Эрнест Хемингуэй НА СОН ГРЯДУЩИЙ
В ту ночь мы лежали на полу, и я слушал, как едят шелковичные черви. Червей кормили тутовыми листьями, и всю ночь было слышно шуршание и такой звук, словно что-то падает в листья. Спать я не хотел, потому что уже давно я жил с мыслью, что если мне закрыть в темноте глаза и забыться, то моя душа вырвется из тела. Это началось уже давно, с той ночи, когда меня оглушило взрывом и я почувствовал, как моя душа вырвалась и улетела от меня, а потом вернулась назад. Я старался не думать об этом, но с тех пор по ночам, стоило мне задремать, это каждый раз опять начиналось, и только очень большим усилием я мог помешать этому. Теперь я почти уверен, что ничего такого не случилось бы, но тогда, в то лето, я не хотел рисковать.
У меня было несколько способов занять свои мысли, когда я лежал без сна.
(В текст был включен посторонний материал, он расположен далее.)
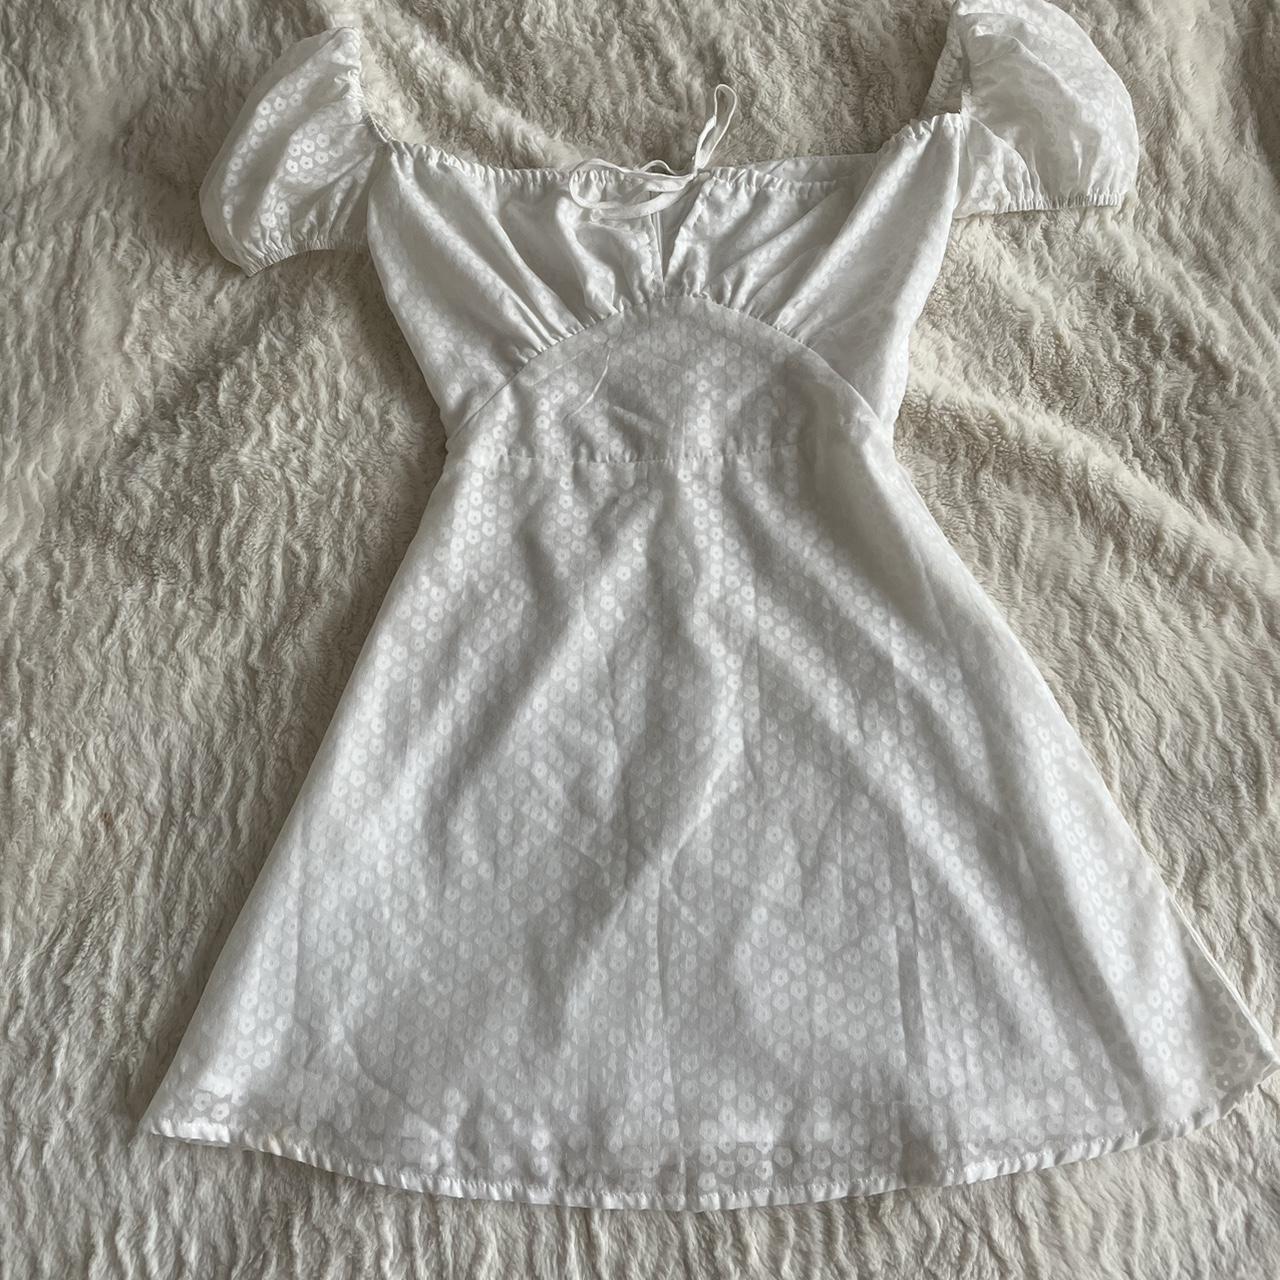 Sweetest baby doll dress 💌 Size 4, true to... - Depop

Я представлял себе речку, в которой мальчиком я удил форель, и мысленно проходил ее всю, не пропуская ни одной коряги, ни одного изгиба русла, забрасывая удочку и в глубоких бочагах, и на светлеющих отмелях, и форель иногда ловилась, а иногда срывалась с крючка. В полдень я делал перерыв и садился завтракать, иногда на коряге у самой воды, иногда под деревом на высоком берегу; и ел всегда очень медленно, все время глядя на реку. Часто мне не хватало наживки, потому что, отправляясь на ловлю, я брал с собой не больше десятка червей в жестянке из-под табака. Когда этот запас приходил в концу, нужно было искать еще червей; и там, где кедры загораживали солнечный свет и трава на берегу не росла, сырую голую землю было очень трудно копать, и случалось, что я не мог найти ни одного червяка. Все же какая-нибудь наживка всегда находилась, но один раз на болоте я так и не нашел ничего, и мне пришлось изрезать на куски одну из пойманных форелей и ею наживить удочку.
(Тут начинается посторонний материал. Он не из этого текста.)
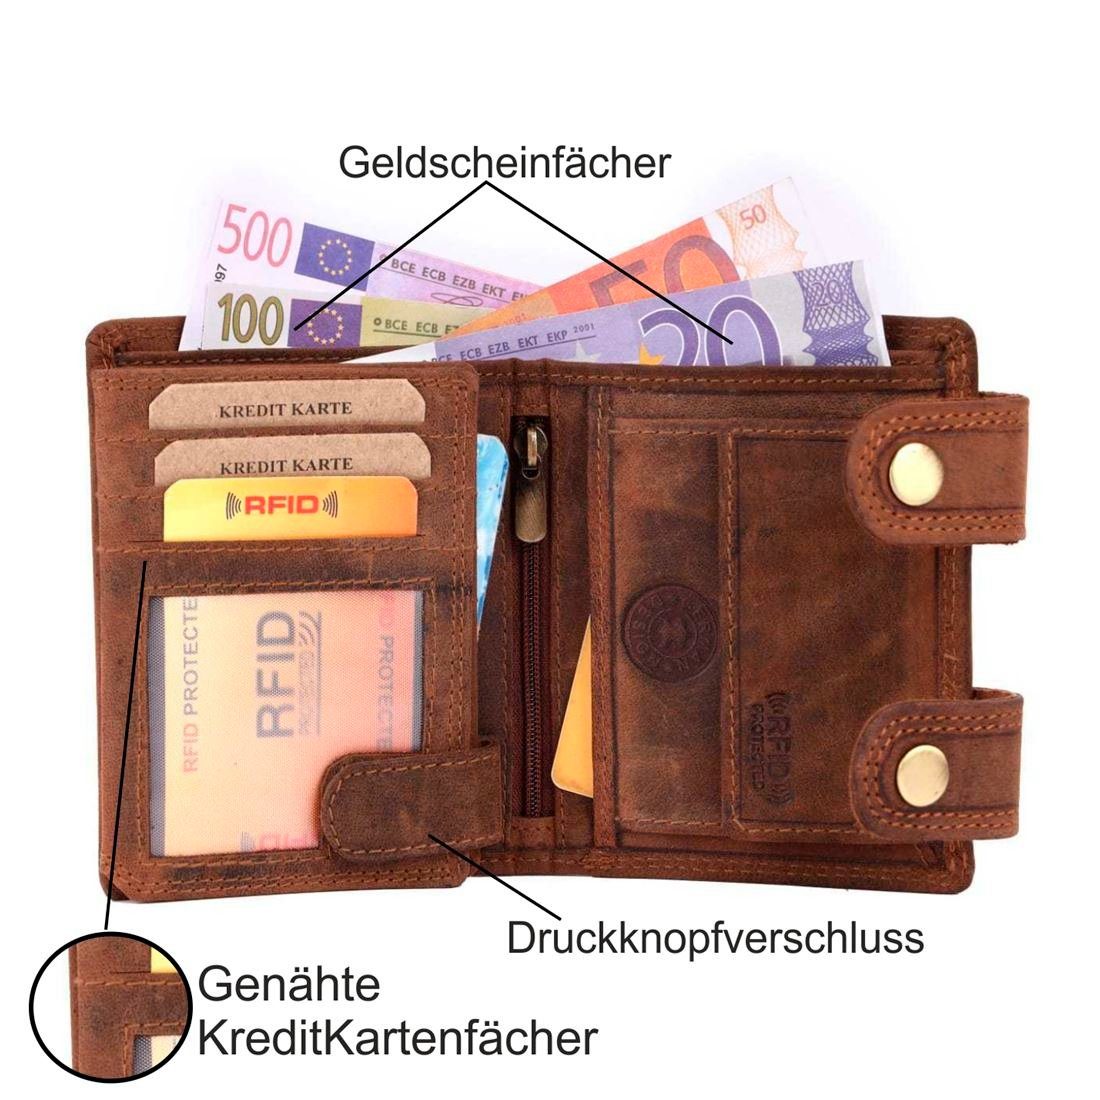 SHG Geldbörse Herren Leder RFID mit Portemonnaie, Büffelleder Kette Lederbörse mit Münzfach Börse Schutz

Иногда на болотистых лугах, в траве или под папоротниками, я находил насекомых, которые годились для наживки. Попадались жуки, и какие-то букашки с длинными, точно стебельки травы, ножками, и личинки, водившиеся в старых, трухлявых колодах, — белые личинки с цепкими челюстями; они плохо держались на крючке, и в холодной воде от них оставалась одна оболочка; под колодами можно было найти лесных клещей, а иногда я находил и червяков, но они уползали в землю, как только приподнимаешь колоду. Однажды я насадил на крючок саламандру, которую поймал под старой колодой. Саламандра была очень маленькая, складная, проворная и красивой раскраски. У нее были крошечные лапки, которыми она цеплялась за крючок, и больше я никогда не брал для наживки саламандр, хотя они часто мне попадались. Не брал я и сверчков, из-за того, что они так извиваются на крючке.
Иногда речка протекала среди лугов, и в сухой траве я ловил кузнечиков и брал их для наживки; а иногда ловил кузнечиков, и бросал их в воду, и смотрел, как они плыли на поверхности, подхваченные течением, а потом исчезали, как только всплывала форель. Иногда в одну ночь я проходил с удочкой четыре или пять рек, начиная от самого верховья и продвигаясь вниз по течению. Если я доходил до конца, а времени до утра было еще много, я пускался в обратный путь, вверх по течению, начиная оттуда, где речка впадала в озеро, и старался выловить всю форель, которую упустил, идя вниз по течению. Были ночи, когда я придумывал речки, и это бывало иногда очень интересно, точно сны наяву. Некоторые из этих речек я до сих пор помню, и мне кажется, что я на самом деле ловил в них рыбу, и в моей памяти они путаются с теми, где мне приходилось бывать. Я давал им названия, и иногда ехал поездом, а иногда проходил целые мили пешком, чтобы добраться до них.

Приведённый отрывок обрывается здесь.